“Sepanjang waktu ini kupikir aku sedang belajar untuk hidup, padahal sesungguhnya aku belajar untuk mati,” ungkap Leonardo Da Vinci (1452-1519).

Ucapan dari “jeniusnya para jenius” tersebut—serta judul di atas—tak hendak bertujuan menyebarkan rasa takut, pesimis atau tiadanya harapan. Akan tetapi sebaliknya, kesadaran bahwa kematian semakin mendekat, justru dapat mendorong kita untuk semakin menjalani hidup secara Iebih mendalam, sehingga kita dapat benar-benar merasakan hidup yang Iebih hidup.

Dua tahun setelah mengalami serangan jantung yang hampir merenggut nyawanya—Abraham Maslow (1908-1970), salah seorang psikolog terbesar pada Abad ke 20—menganggap kehidupannya pasca serangan jantung tersebut sebagai “kehidupan pasca-kematian”, yang membuatnya menjalani hidup di tahun-tahun berikutnya sebagai bonus, atau berkat ekstra yang sangat ia syukuri. Jika Anda berdamai dengan kematian atau bahkan jika Anda cukup yakin bahwa Anda akan mengalami kematian yang balk dan terhormat, maka setiap hari akan Anda jalani sebagai layaknya momen tunggal. Dan perasaan takut mati, akan dihapuskan, tegas Maslow.

Dalam kata pengantar untuk sebuah buku biografi, Prof. Dr. Komarudin Hidayat menyampaikan: “Tuhan telah menciptakan panggung kehidupan yang demikian akbar dengan segala fasilitasnya agar anak-cucu Adam meramaikan dan memakmurkannya sebagai sebuah festival. Sebagai individu, jatah umur kita sungguh sangat terbatas dibanding usia manusia secara berkesinambungan, dan generasi ke generasi.

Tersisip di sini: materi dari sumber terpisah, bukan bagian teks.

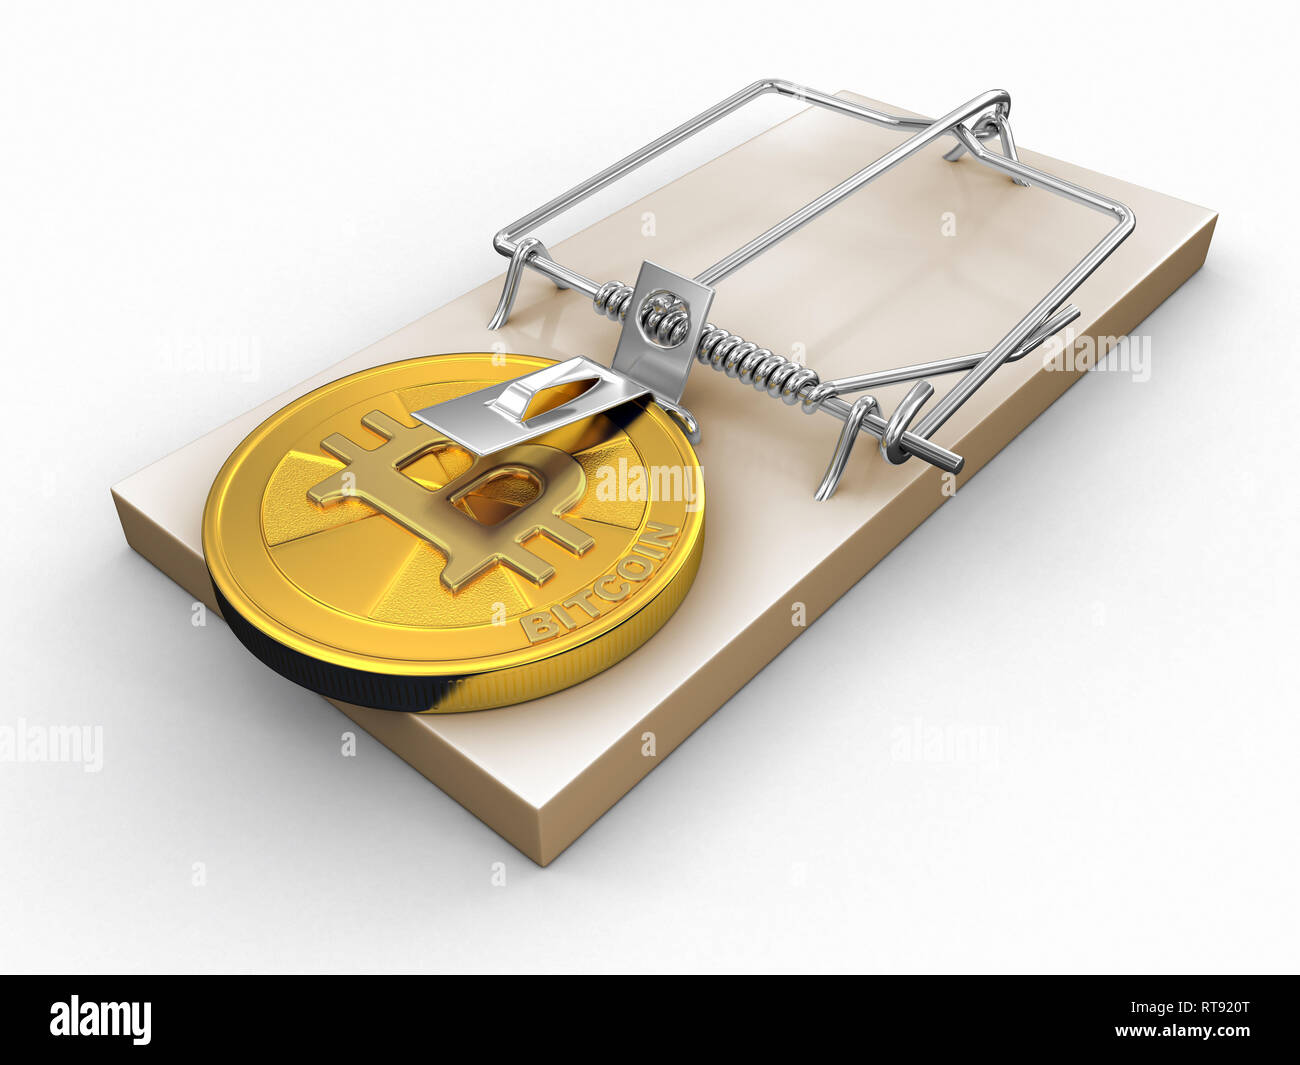 https://c8.alamy.com/comp/RT920T/mousetrap-and-bitcoin-image-with-clipping-path-RT920T.jpg

Tak ada yang bisa memutar jarum kehidupan. Semenit yang lalu tak bisa dipanggil kembali. Sedangkan yang menunggu di depan adalah ketuaan dan kematian. Mati adalah pasangan hidup, keduanya bersahabat dan tidak mungkin dipisahkan. Hanya manusia sering memandang kematian secara negatif. Bagi kalangan sufi, kematian adalah ‘wisuda’, momen metamorforsis memasuki jenjang hidup baru yang lebih tinggi derajatnya. Mati adalah pintu gerbang untuk semakin mendekat pada Dia yang Maha Kasih.

Kasih Tuhan bagaikan samudera yang senantiasa menunggu dan merindukan kehadiran sungai, dan manapun datangnya. Setetes embun yang menempel di daun, atau air yang mampir di atas meja, semuanya tengah dalam perjalanan mencari sungai agar diantarkan pulang ke samudera, tempat asalnya. Dan ribuan sungai itu bagaikan berpawai riang menuju samudera merindukan tempat asalnya. Begitulah jiwa manusia, dalam kesadarannya yang paling dalam sangat sadar bahwa seindah-indah ataupun sepahit-pahit kehidupan pasti akan berakhir. Tiada festival tanpa akhir,” tulis rektor UIN ke-11 itu.

Bagi orang beriman—tambahnya—juga mereka yang berpandangan positif-optimis, hidup adalah anugerah yang mesti disyukuri dan dirayakan. Kematian adalah wisuda untuk memasuki festival berikutnya yang lebih indah.

Lalu, apa yang sesungguhnya membuat kebanyakan orang cenderung menghindar dan perbincangan soal kematian? Kita menyangkal,atau setidaknya menghindar membicarakan soal kematian, karena kita takut padanya. Padahal perasaan takut seperti itu justru semakin berakar sehingga melampaui faktor-faktor lain. Perasaan yang mencegah kita untuk benar-benar “hadir di sini dan saat ini”. Karena pada saat kita hidup, kematian ada di masa depan. Sehingga,jika kita menghabiskan hari-hari kita dengan mencemaskan kematian, pada dasarnya kita hidup di masa depan. Dalam keadaan tersebut, maka kematian telah merampok kehidupan kita, sebelum kita benar-benar mati.

Live your life! Richard Branson pemilik Virgin Group—memberikan nasihat kepada putra-putrinya. Katanya: “Being present (hadirlah) dan live your life. Jangan pernah menyesali masa lalu dan jangan pula khawatir pada masa depanmu.”

Mari, dengan semangat dan optimisme, kita mengisi hari-hari dalam kehidupan kita dengan sesuatu karya yang bernilai dan bermakna.